Nous pouvons dire de la traduction de Victor Wilder qu’elle se démarque tant par le style que par la structure des vers wagnériens. En outre, les différences sont telles qu’elles mettent en péril le fragile équilibre entre le phrasé musical et le phrasé mélodique. La juxtaposition de certains mots avec certaines notes, qui constitue un des éléments primordiaux du phrasé, est loin d’être toujours respectée par Wilder. Ces choix ont malheureusement pour conséquence que certains mots ou groupes de mots dans la traduction perdent grandement de leur importance par rapport à l’original. Dans l’ensemble, Wilder semble s’être attaché à restituer le sens des vers plutôt qu’à créer une symbiose texte/musique proche de l’original. D’un autre côté, sa traduction est parfois très éloignée stylistiquement et même sémantiquement des vers wagnériens : Wilder a-‐t-‐il réellement cherché à retranscrire le sens ou s’est-‐il laissé emporter par son enthousiasme au point de mettre en péril la beauté et l’unité des vers de Wagner ? N’oublions pas que Victor Wilder, en plus d’être traducteur, était poète, et son sens du lyrisme a manifestement souvent pris le pas, dans ce passage, sur la notion de fidélité au texte.
L’analyse de la « chantabilité » du point de vue physiologique nous semble très difficile, voire impossible à réaliser pour le texte de Wilder : en effet, cette analyse ne peut se faire que par rapport aux points de repère fixes que doivent normalement constituer le phrasé, donc la place de certains accents en particulier, à la fois dans le texte source et dans le texte cible, par rapport à la musique.

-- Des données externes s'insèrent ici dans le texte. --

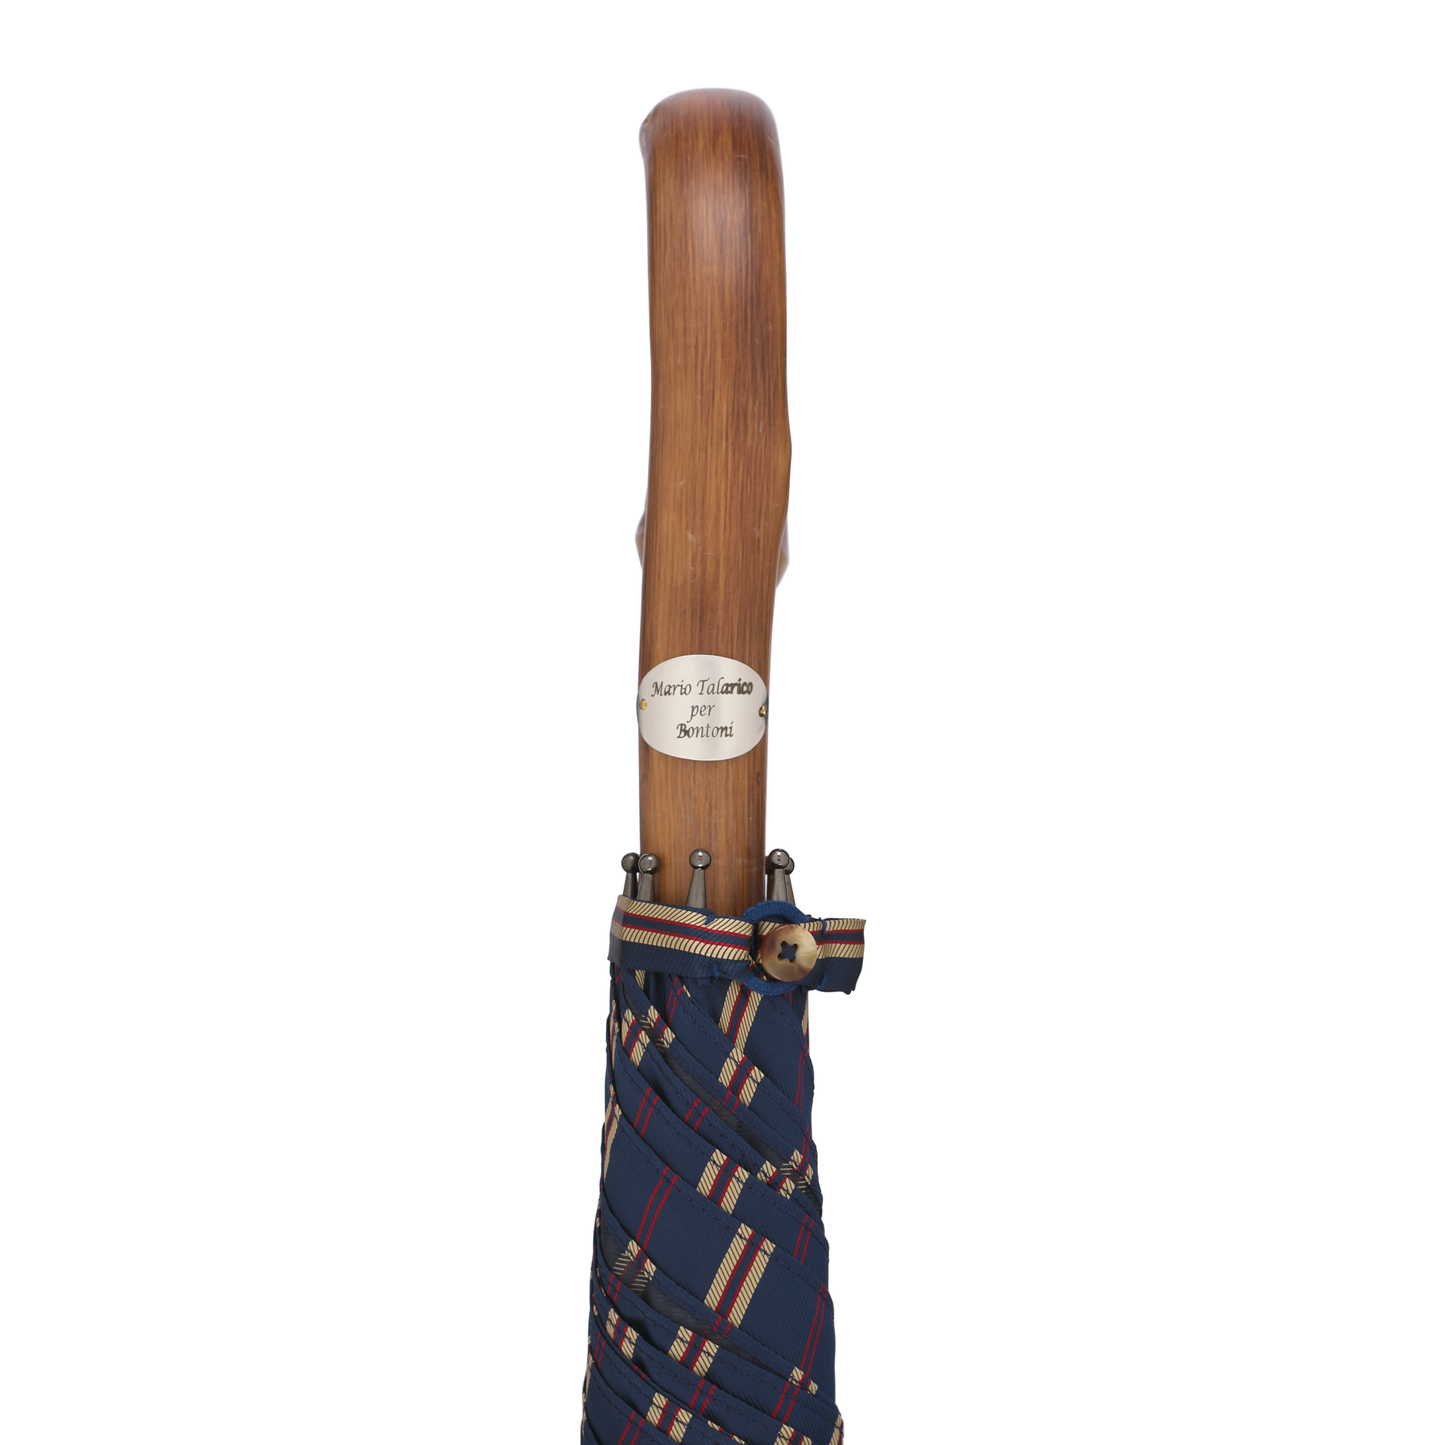 Chestnut Wood-Handle Striped Umbrella in Blue

Le phrasé du texte de Wilder étant foncièrement différent de celui du poème de Wagner, dans le sens où la place des accents et le nombre de syllabes ont grandement varié, nous n’avons pas le moyen de comparer les deux et de déterminer si, par rapport au livret wagnérien, la traduction de Wilder est chantable. Nous laissons donc de côté la question de la
« chantabilité » des traductions de Wilder.
Il nous semble possible que la stratégie de Wilder soit avant tout fondée sur la volonté de restituer une certaine atmosphère (ou du moins la manière dont il la concevait et la ressentait, ce qui prouve une fois encore que les choix en matière de traduction sont affaire de subjectivité), qu’il voulait sans doute fidèle à celle du livret de Wagner, et d’en rendre (ou d’en accentuer) le lyrisme en ayant recours à un type de poésie qu’il devait juger adéquat, même si à nos yeux, ce choix met à mal à la fois le sens et le phrasé. Parallèlement, en produisant un texte dont la prosodie est en tout point celle d’un poème français, il se peut aussi que Wilder ait cherché à élaborer un texte plus conforme aux attentes et au goût du public francophone en matière d’opéra que les vers si profondément germaniques de Richard Wagner.